Over time, as bandwidth and scanning hardware/software prices went down, the obvious move was to decentralize the whole scanning and capture process.  This move placed scanning in the branches, and allowed the whole document capture process to be performed by those who had working knowledge of the documents.  Smaller, desktop class hardware could be used, and most capture companies made batch scanning and upload to the centralized repository simple to accomplish.

Decentralized Pros

  • Scan operators are well versed in the documents they scan
  • Documents are available almost immediately
  • No shipping or transfer costs for documents
  • Branch control of the whole scanning process

Decentralized Cons

  • Standardization can be an issue
  • No centralized control or reporting
  • WAN Bandwidth consumption can be high
  • Licensing costs can be high depending on software utilized

Distributed

The advance of network-based scanning devices and the lowering of bandwidth pricing led to the newest model, the Distributed Model.  Distributed Scanning allows for just about anyone in the organization to walk up to a network scanning device/scanning copier/fax machine and send documents to a repository.  The devices are typically multi-faceted, and along with repository integration, can provide scan to network folder, FTP and email.  Collaborative back-end systems, like Microsoft SharePoint, lend themselves nicely to this model, as they allow anyone to participate in a Document Workspace.

Distributed Pros

  • Put scanning in the hands of everyone in the organization
  • Provides a great launching pad for collaborative solutions
  • Simple, easy to use interfaces allow for minimal training and quick adoption
  • Capture and indexing is now in the hands of the true document owner
  • One-to-many solution provides a single device to service many users

Distributed Cons

  • Lack of standardization without software addition
  • Security and document control can be major issues
  • Bandwidth from smaller branches can be a problem with larger scans
  • Lack of hardware integrations with back-end systems

So, most organizations today are combining the above models to create a Hybrid Scanning and Capture solution, and leveraging all the strengths together to minimize the weaknesses of any one model.   Another strategy is to tie scanning models to specific business processes, as most lend themselves nicely to specific scanning and capture workflows.
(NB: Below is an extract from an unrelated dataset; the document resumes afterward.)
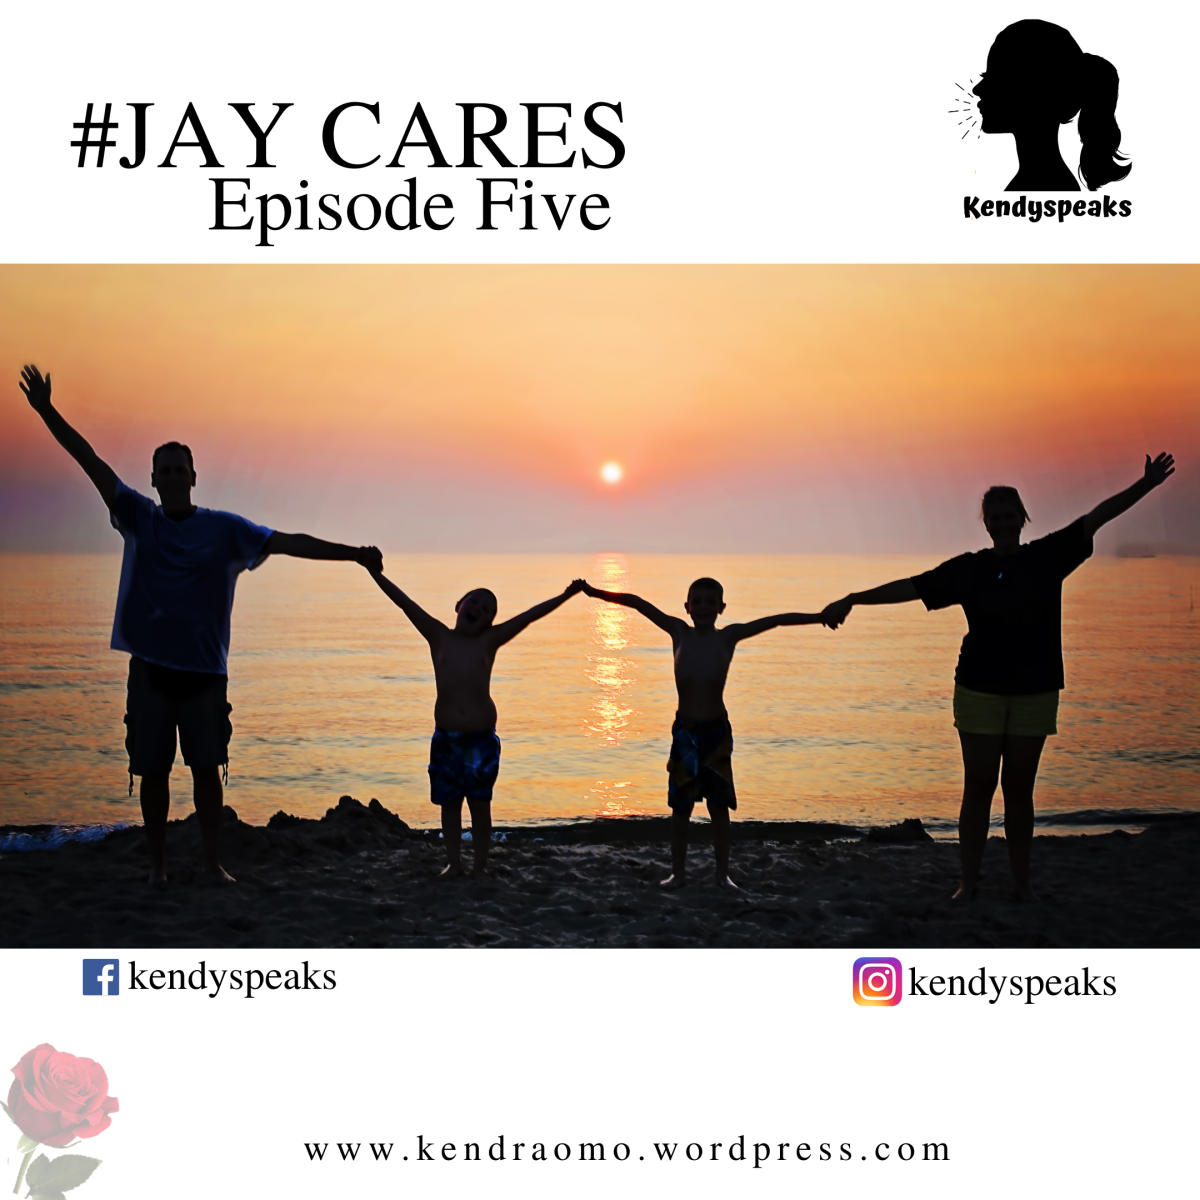 Jay Cares (Episode Five)

Hardware and Choosing Your Scanning Model

 

Most organizations will choose their model to leverage their existing hardware investment, but this can be lead to decisions that seem good at the time, but if deeper examination occurs, it can make sense to realign hardware with the best model.  Take for example, a company that instantly leans toward a distributed model, and attempts to leverage their copier fleet that is currently under lease.  If you examine the part of this guide that covers scanning hardware, copiers will not always fit for the type of scanning you need to perform.  Take for example a branch accounting department that is looking to scan receipts or check stubs.  Will the copier perform well with mixed original sizes?  Just a word of caution to examine the paper, workflow, and document types to get the best feel and adapt the best model.